SOURCE DATA:
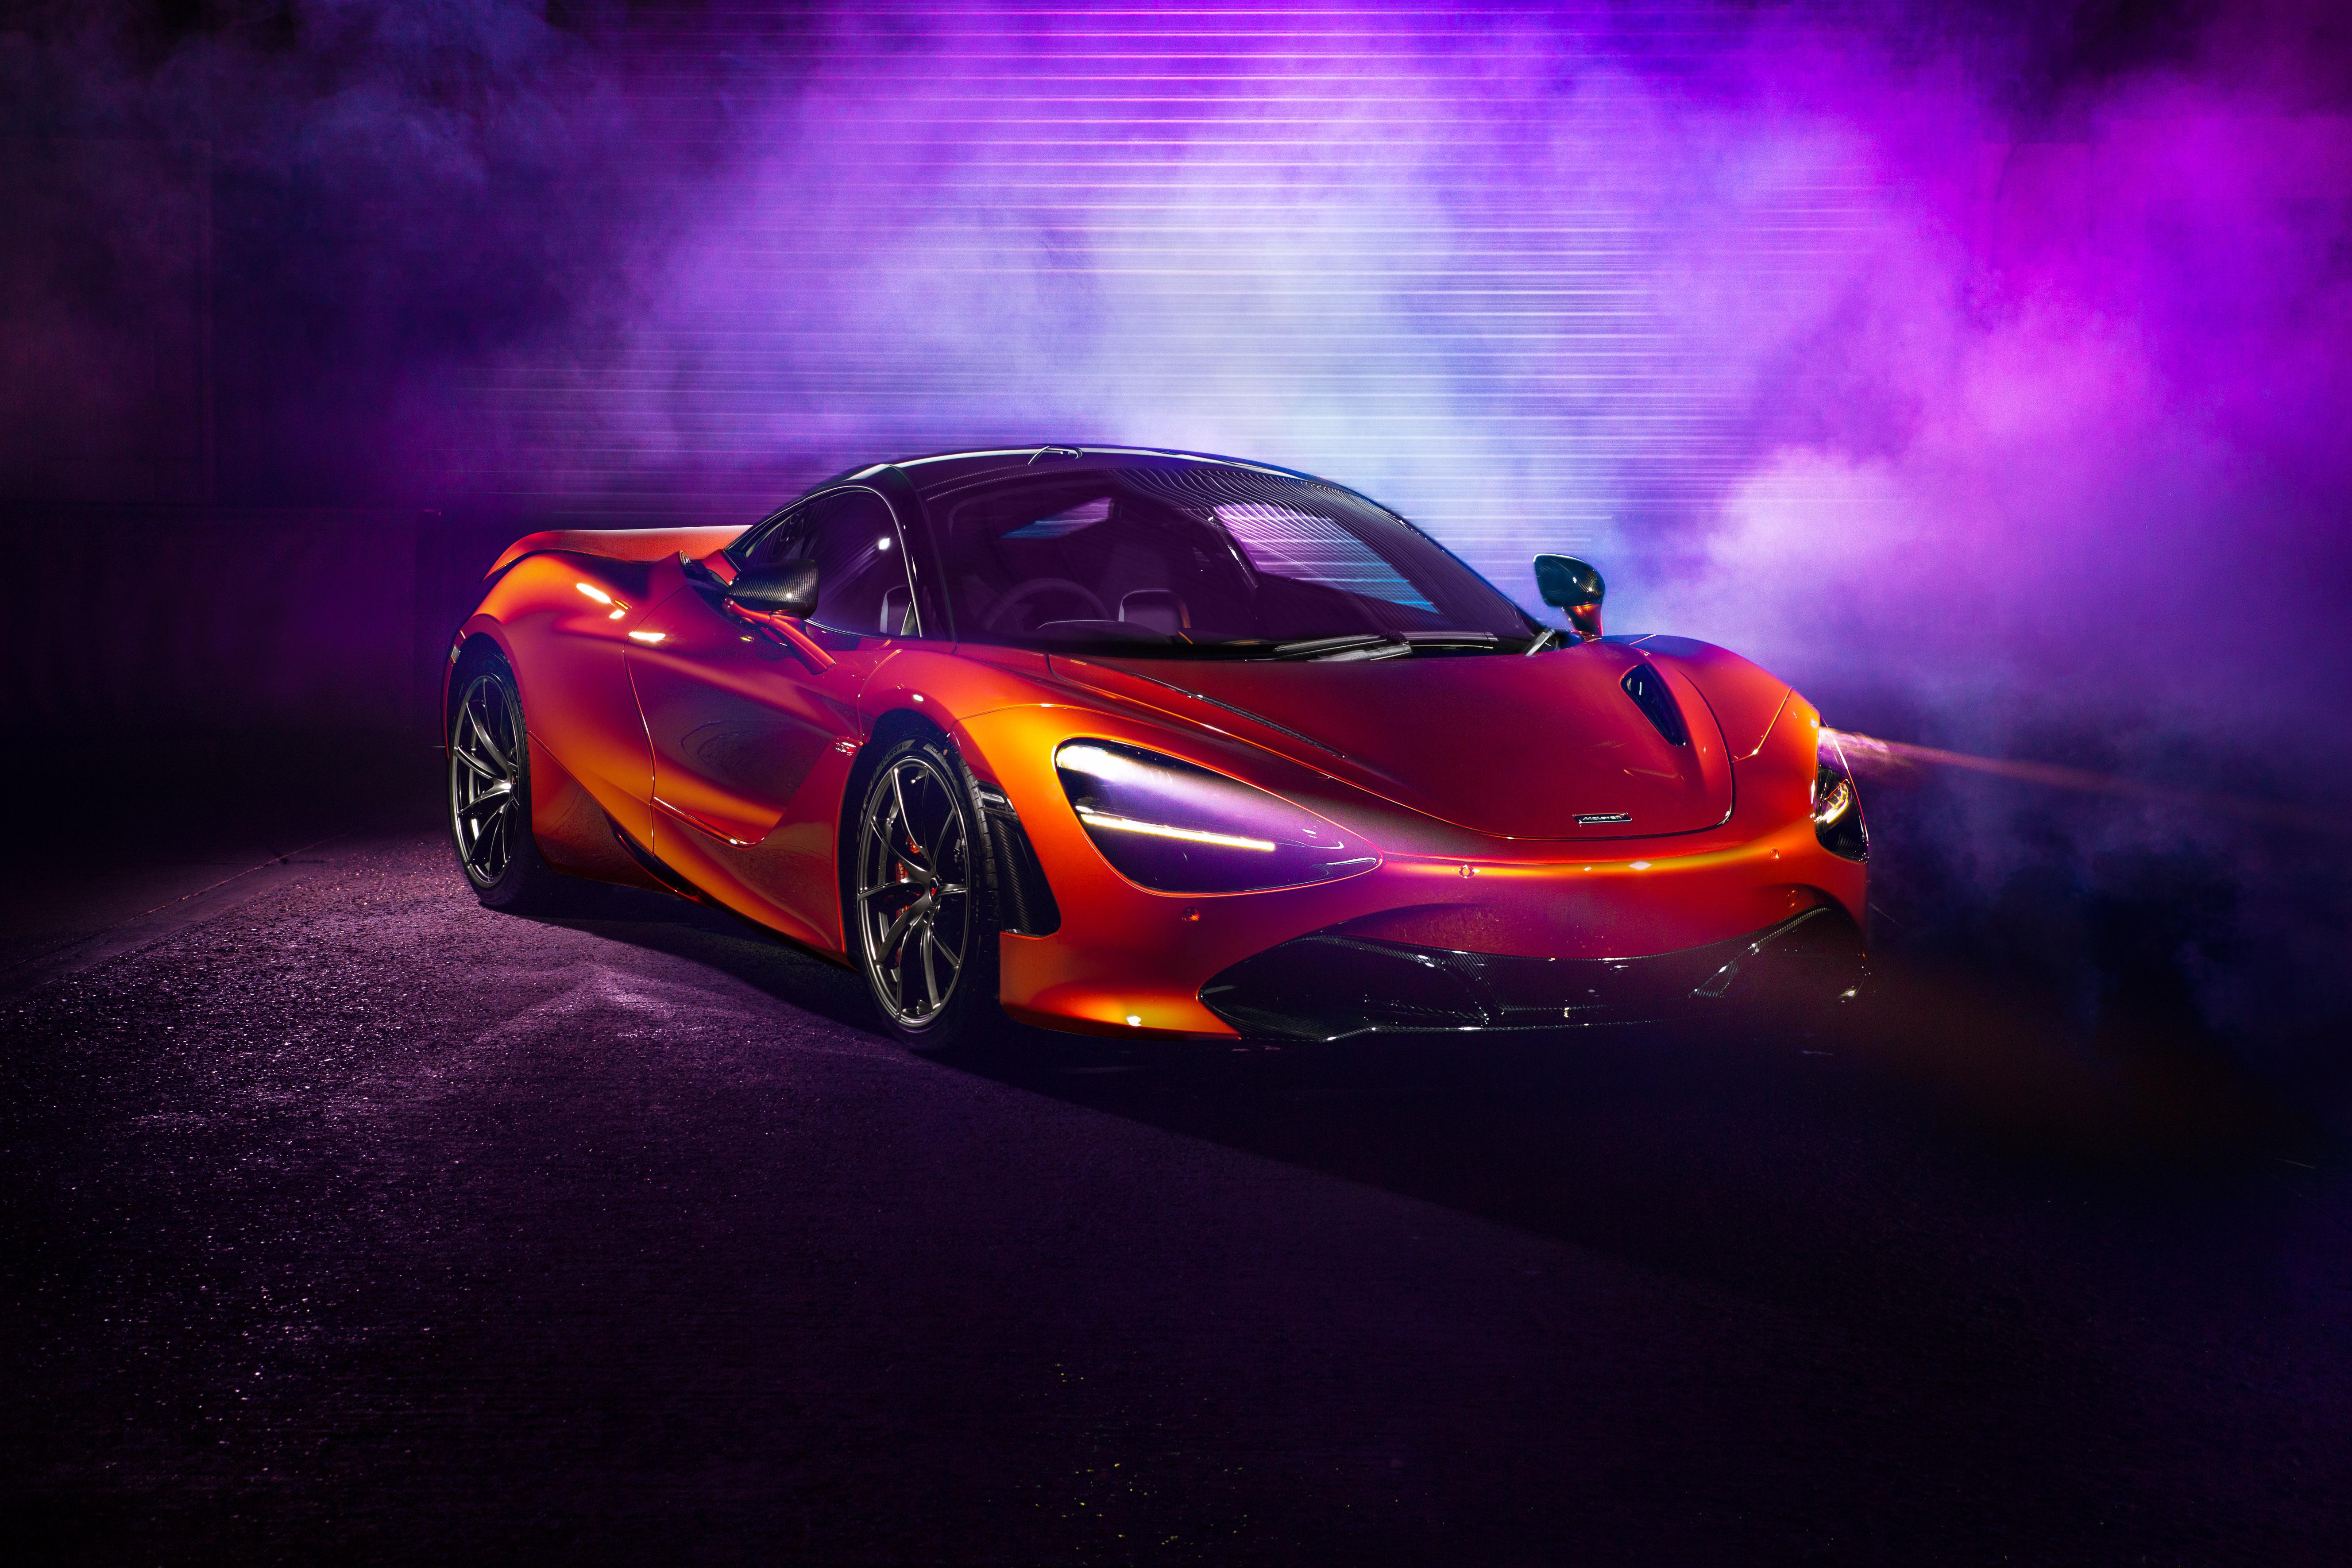 Mclaren 5k, HD Cars, 4k Wallpapers, Images, Backgrounds ...
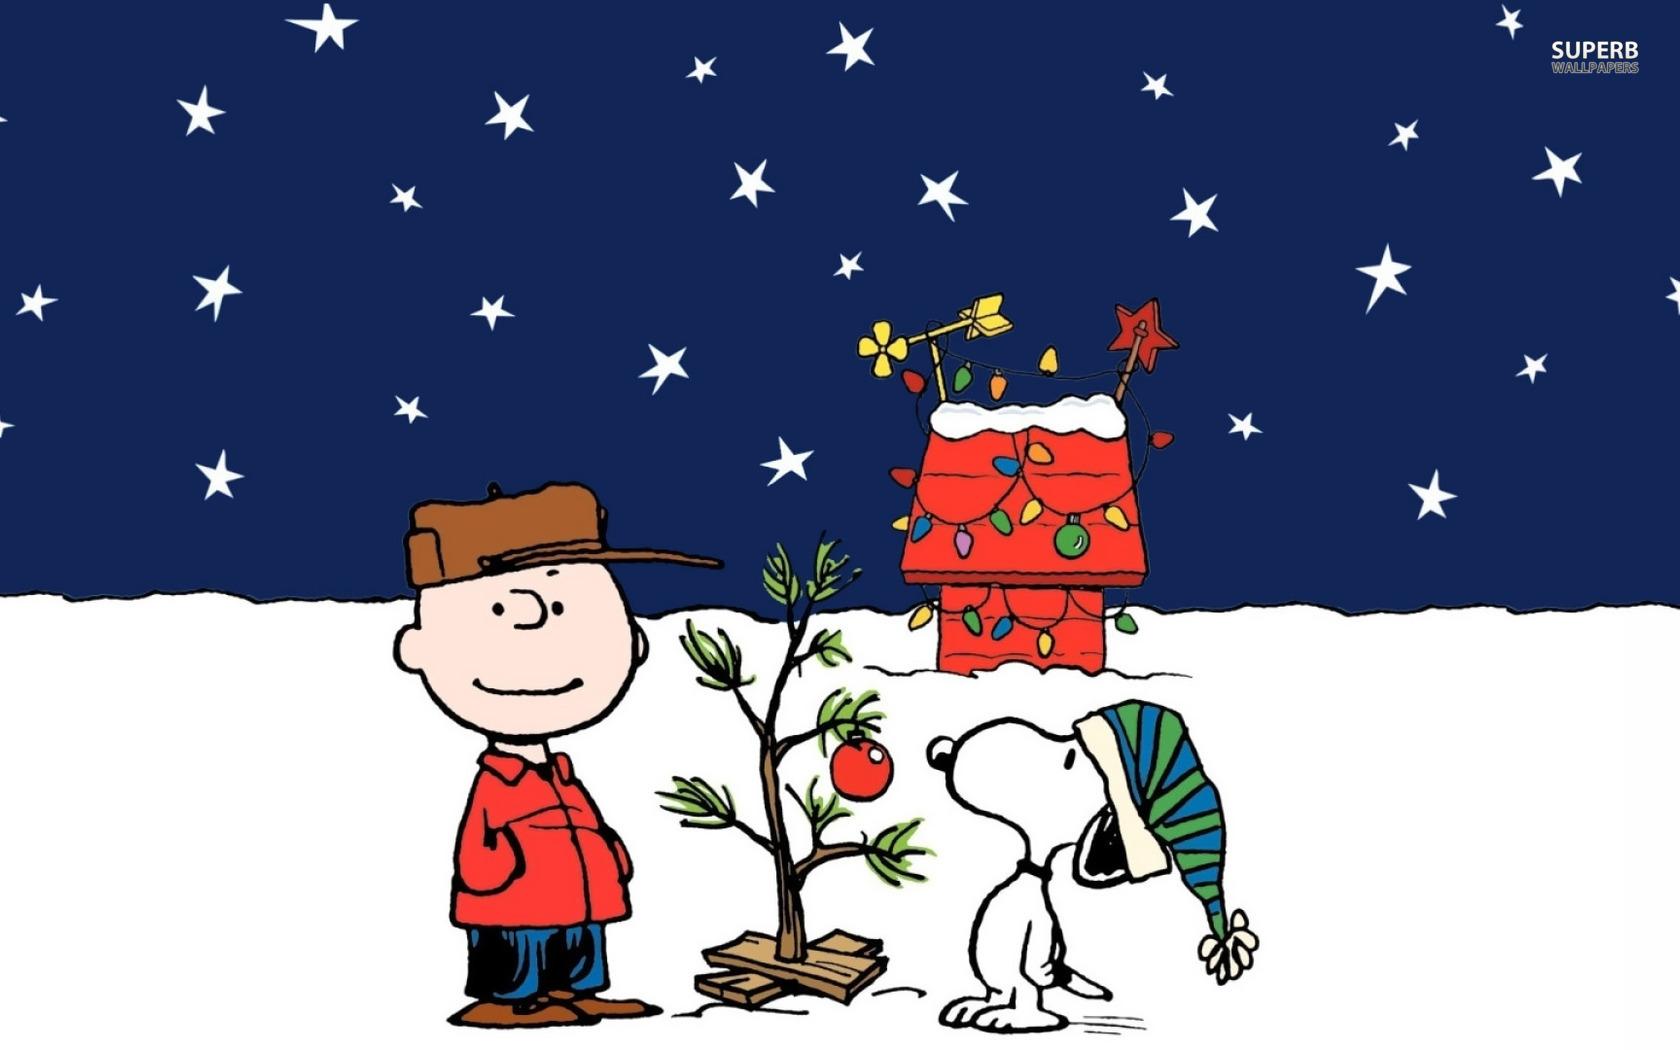 Free Charlie Brown Christmas Wallpapers - WallpaperSafari
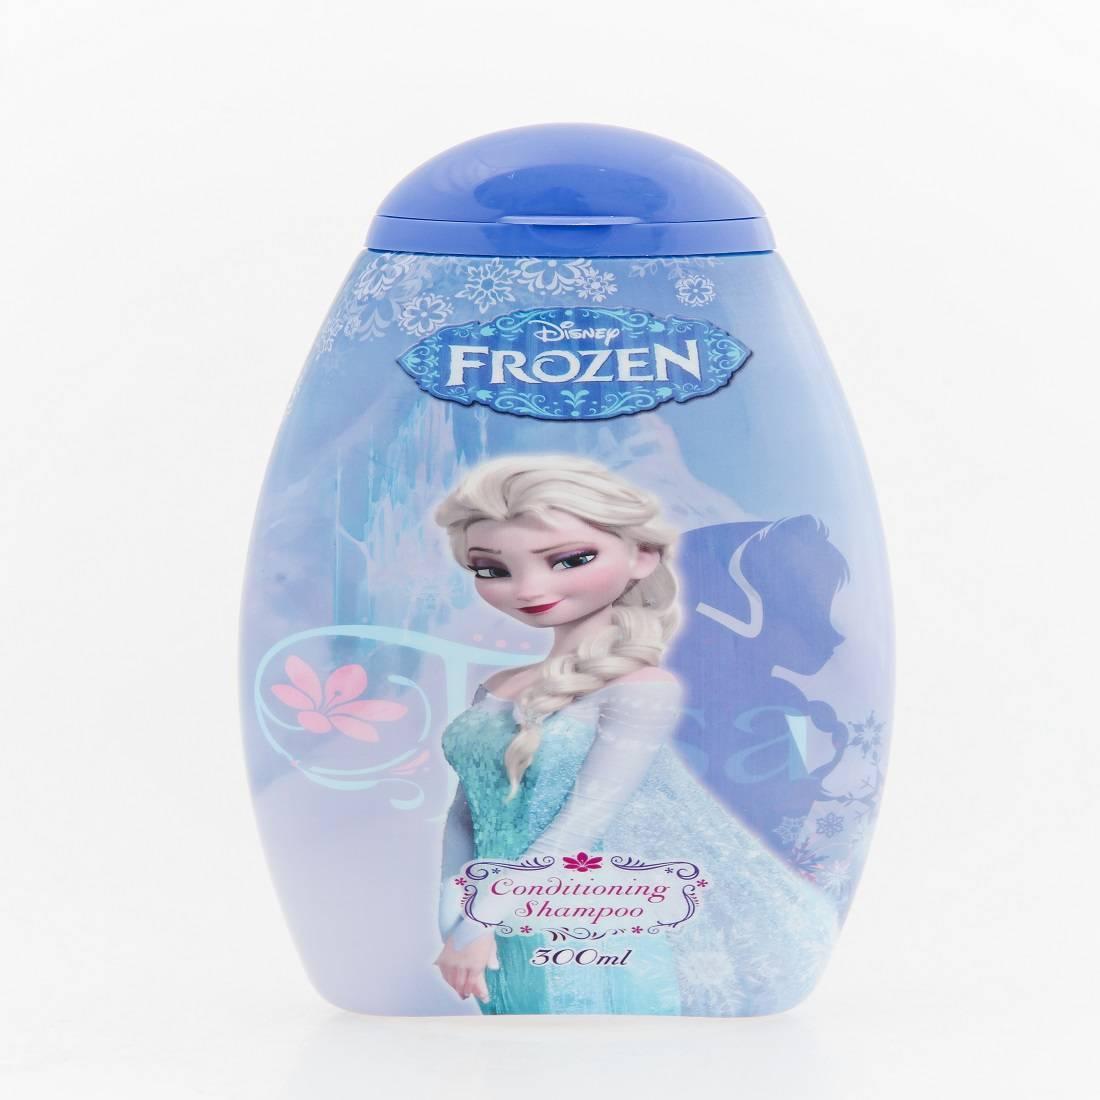 Disney Frozen Elsa Baby Shampoo

WORK ORDER:
Set down the data above verbatim, omitting every image.

PROBLEM SOLUTION:
 Mclaren 5k, HD Cars, 4k Wallpapers, Images, Backgrounds ...
 Free Charlie Brown Christmas Wallpapers - WallpaperSafari
 Disney Frozen Elsa Baby Shampoo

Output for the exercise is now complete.